* **Activity**:
Verbatim output of the lines below is required, with the images omitted.

* **Exercise data**:
....................

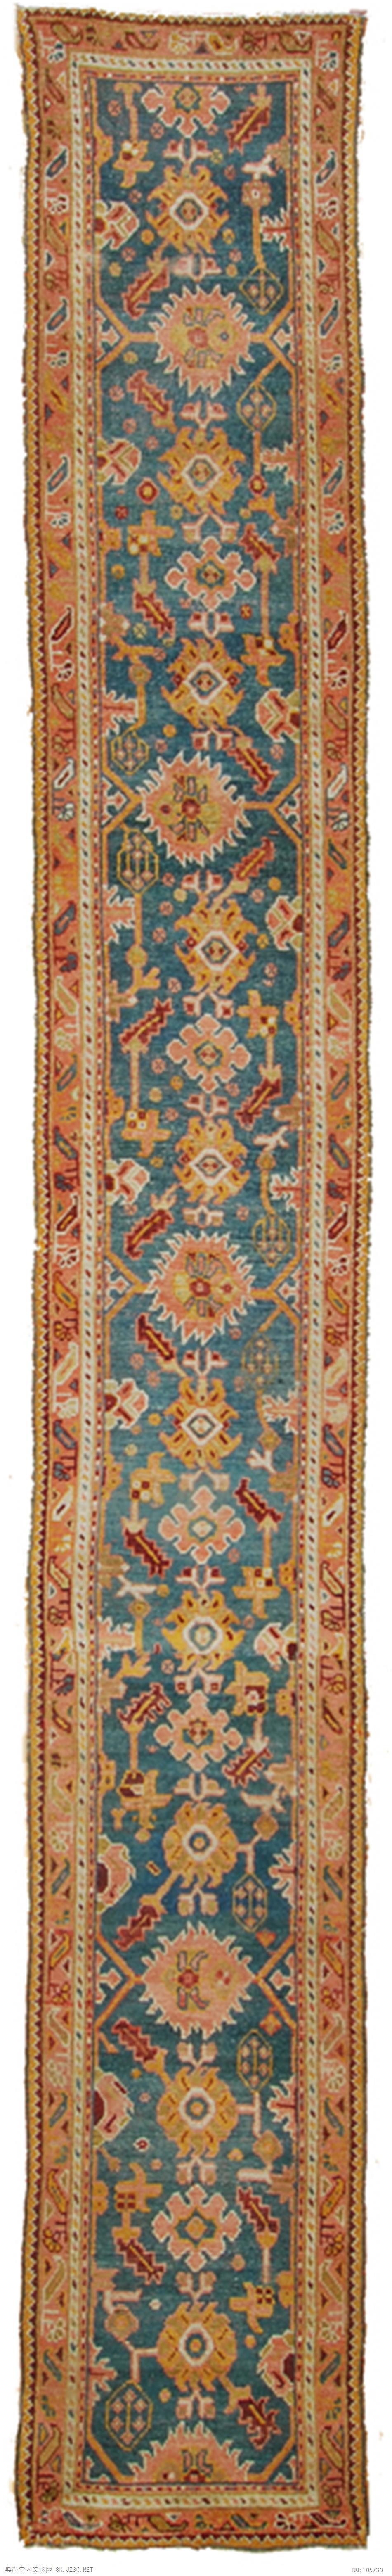 欧式风格地毯 (221)
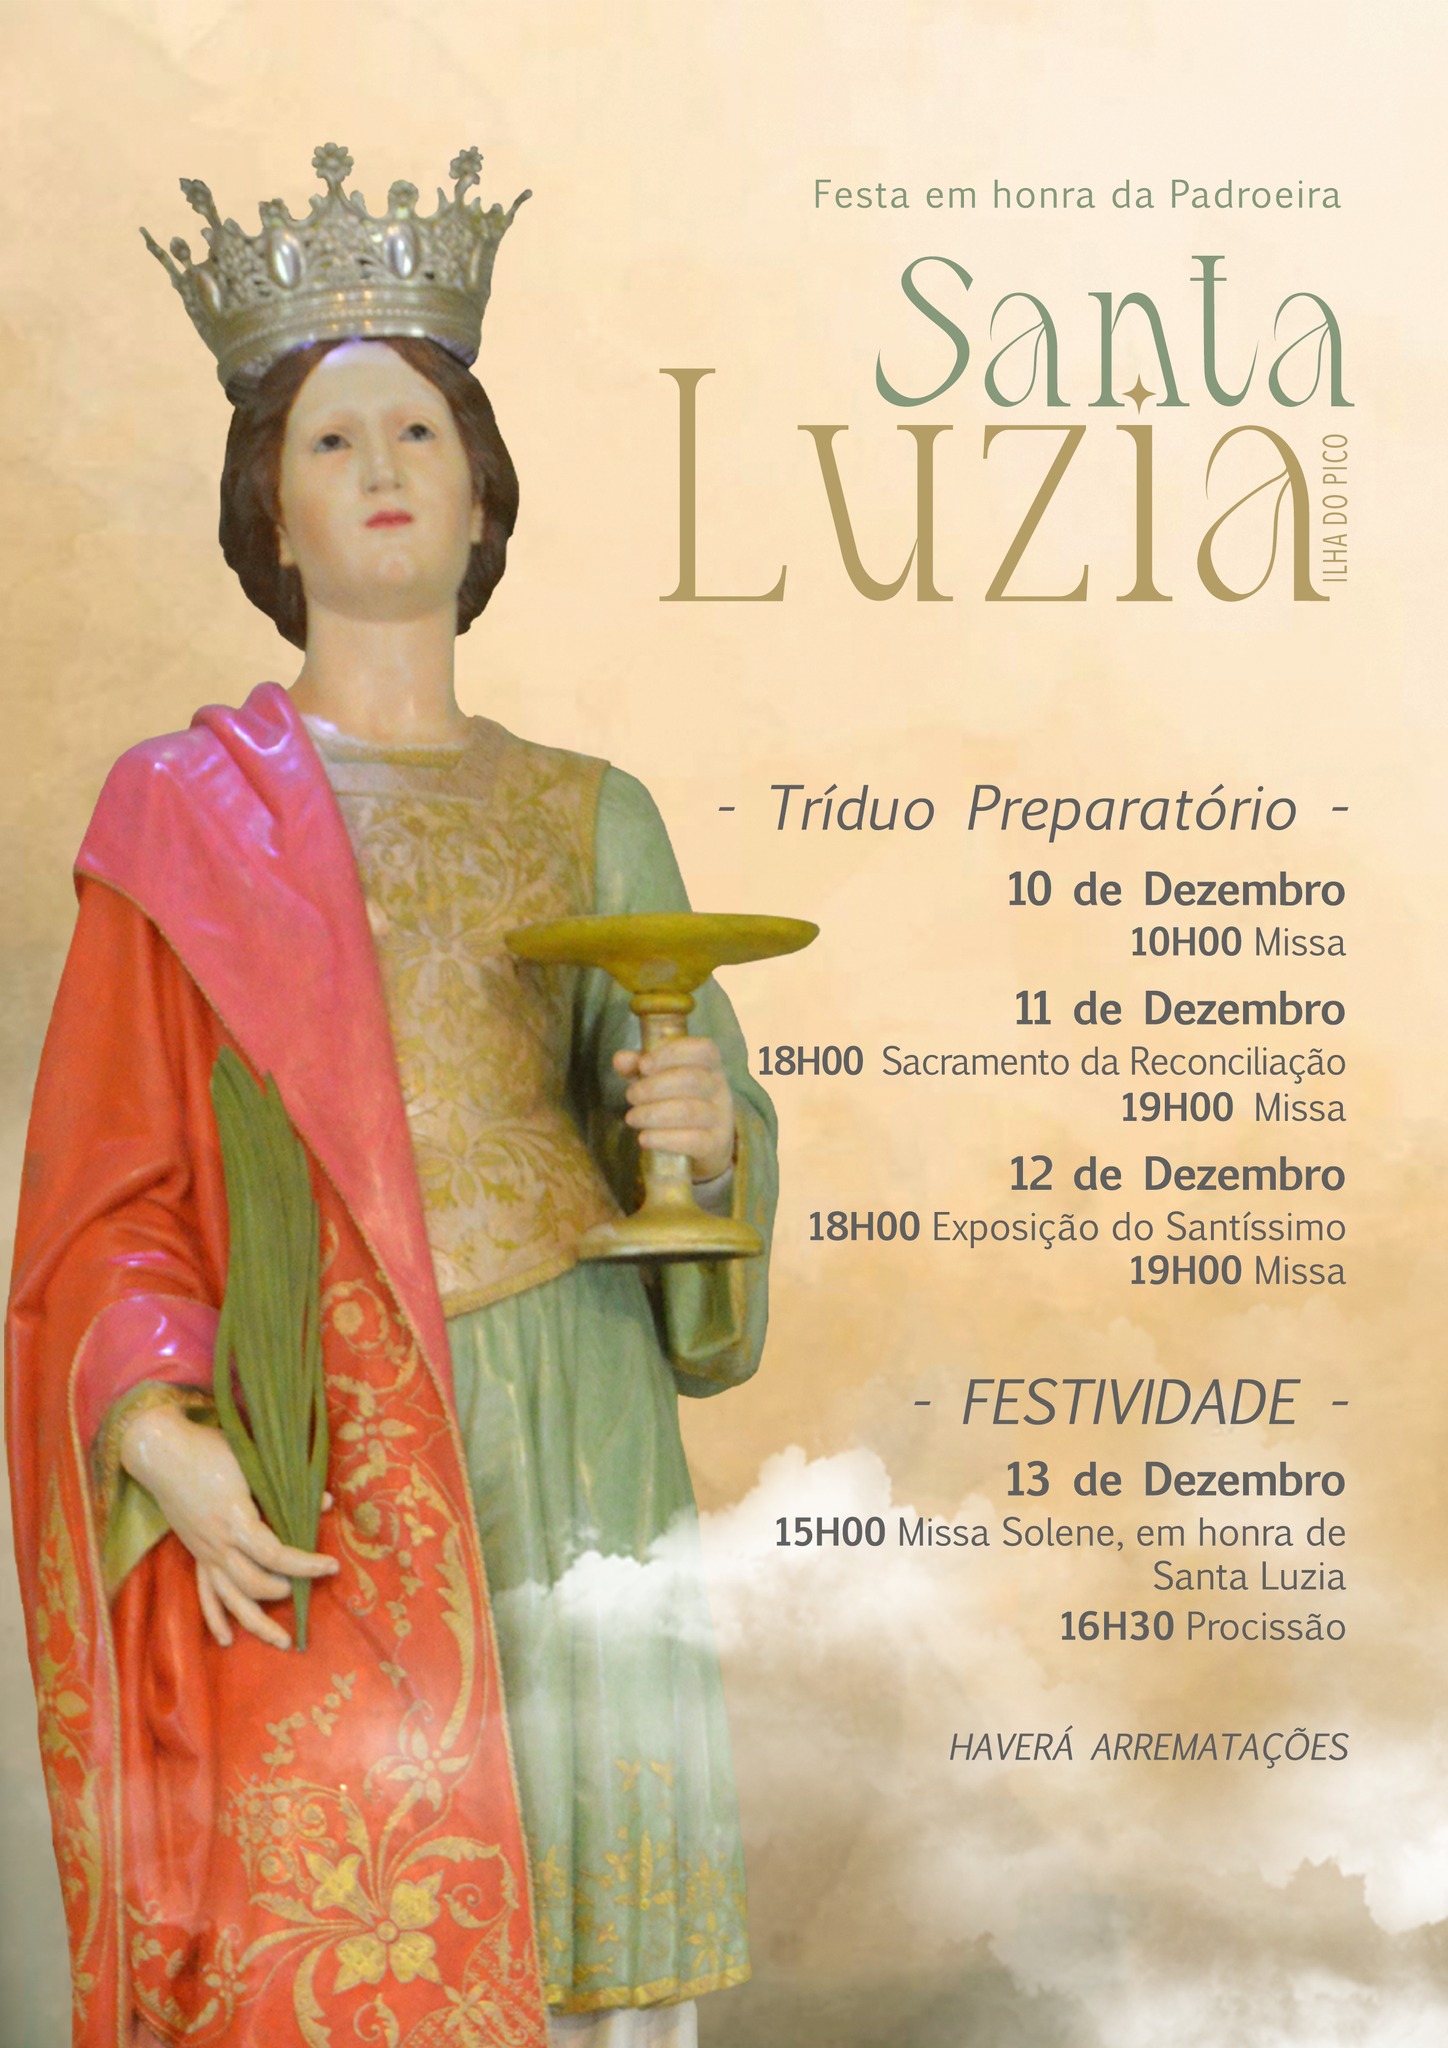 Festa em honra da Padroeira de Santa Luzia
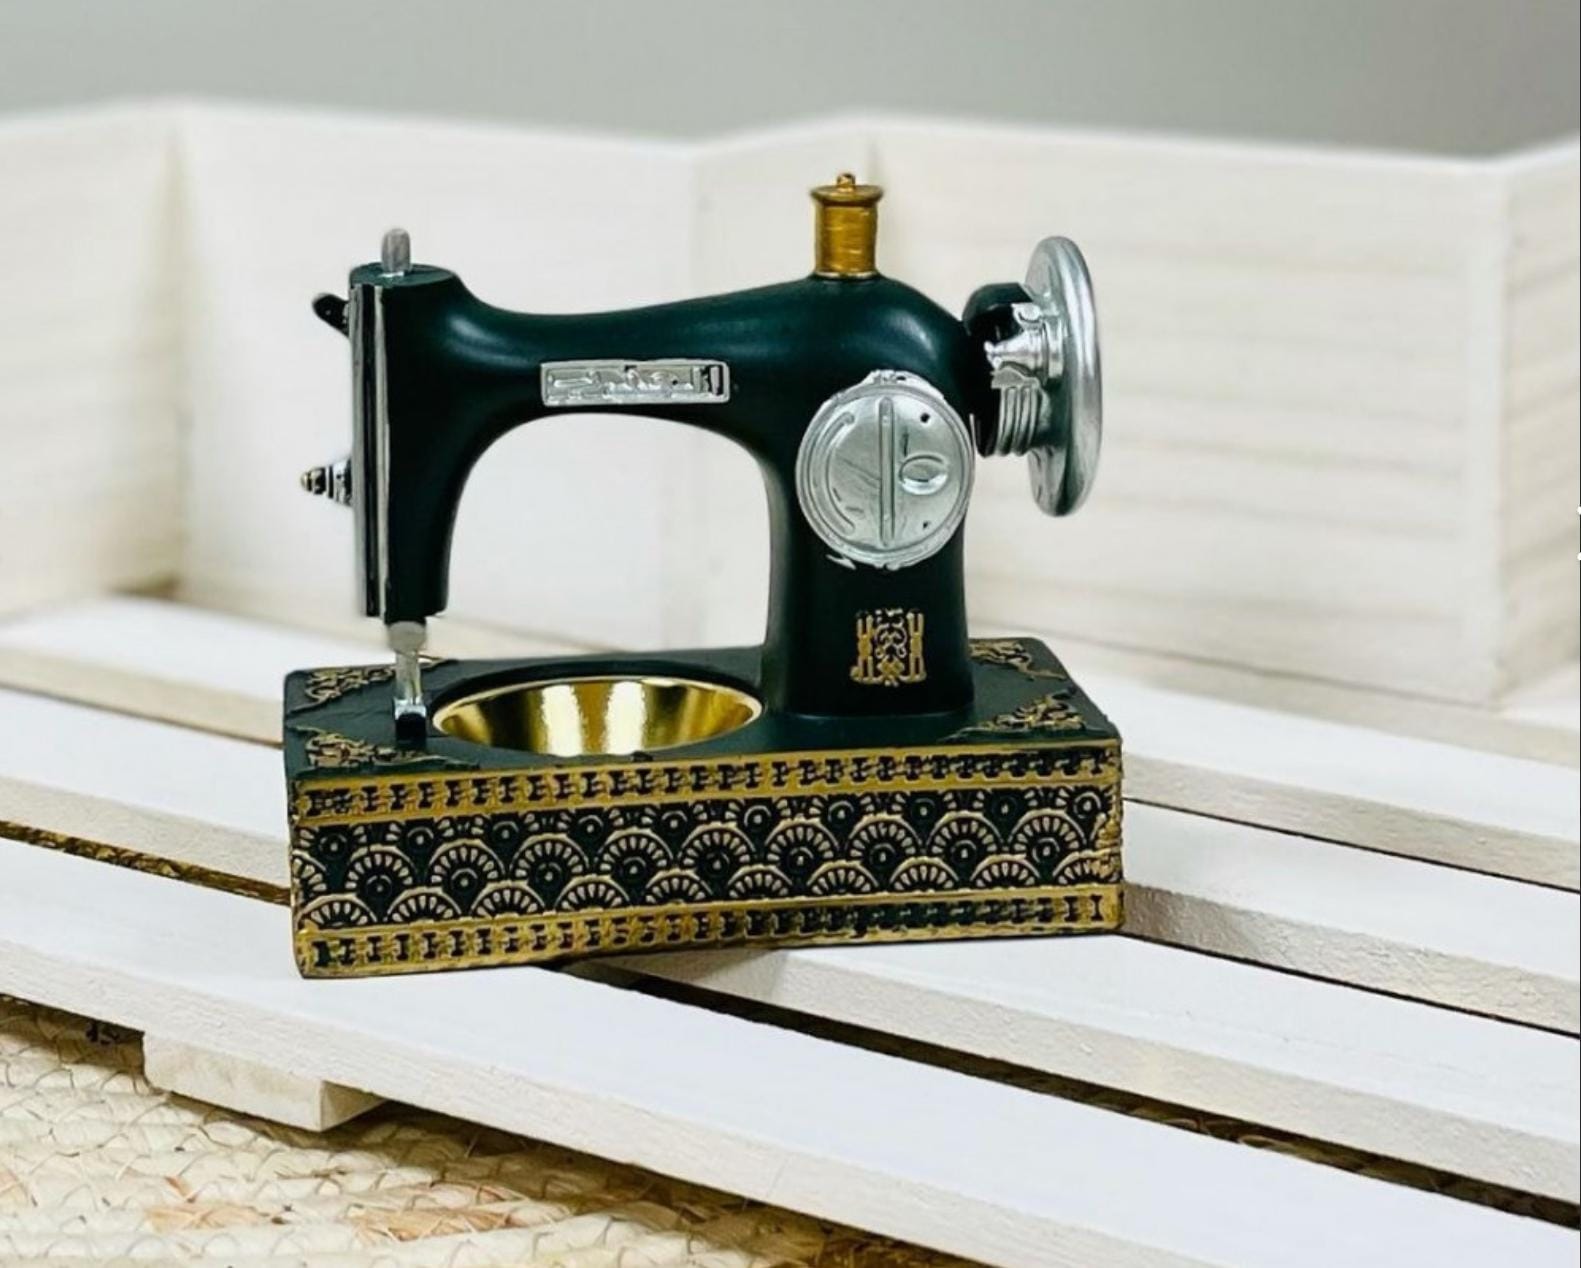 Mubkhar Sewing Machine

....................

* **Result for this exercise**:
 欧式风格地毯 (221)
 Festa em honra da Padroeira de Santa Luzia
 Mubkhar Sewing Machine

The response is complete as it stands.